И вдруг улыбка исчезает с его лица. Он рывком поднимается с кресла и с силой придавливает к пепельнице недокуренную папиросу. Зубы стиснуты, на скулах желваки. Куда девался элегантный мужчина? Передо мной хищный зверь, приготовившийся к прыжку.
— Бросьте валять дурака! Или вы сейчас же выложите всё, что вам известно о коммунистическом подполье, или мы вас сотрём в порошок. И зарубите у себя на носу: политическая полиция, или как вы называете — охранка, шутить не любит. Мы любому сможем развязать язык. Ну?
Любому! Как бы не так! Я молчу.
— Что за шум? — раздаётся весёлый голос. Я оборачиваюсь.
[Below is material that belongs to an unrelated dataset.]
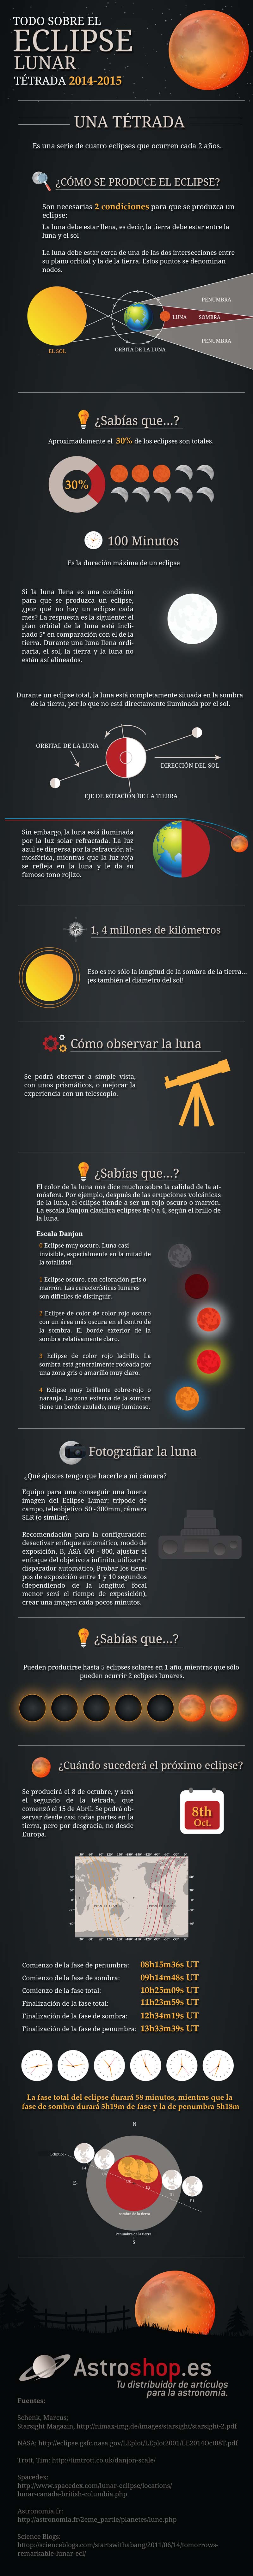 Infografía eclipse lunar

Позади меня стоит низкорослый толстяк с пухлыми, розовыми, как у ребёнка, щеками.
— Это мы по-дружески с Имантом Озолсом беседуем, господин начальник, — в тон ему отвечает Шварцбах. — Да вот ещё никак общий язык не найдём.
— Почему же с «Имантом»? Господин Озолс, разве вас зовут не Владимиром?
И это они знают! «Владимир» — моё подпольное имя.
— Владимир? — деланно удивляюсь я и обращаюсь к Шварцбаху: — Вот видите, господин капитан, вы оказались правы. Действительно, произошло недоразумение. Вам нужен Владимир Озолс, а меня зовут…
Не успеваю договорить. На мою челюсть обрушивается страшный удар. Вместе с креслом валюсь на пол.
— Нет, ты вам нужен, ты, красная сволочь! — вопит багровый от ярости толстяк и вытирает носовым платком свою правую руку, которой он ударил меня.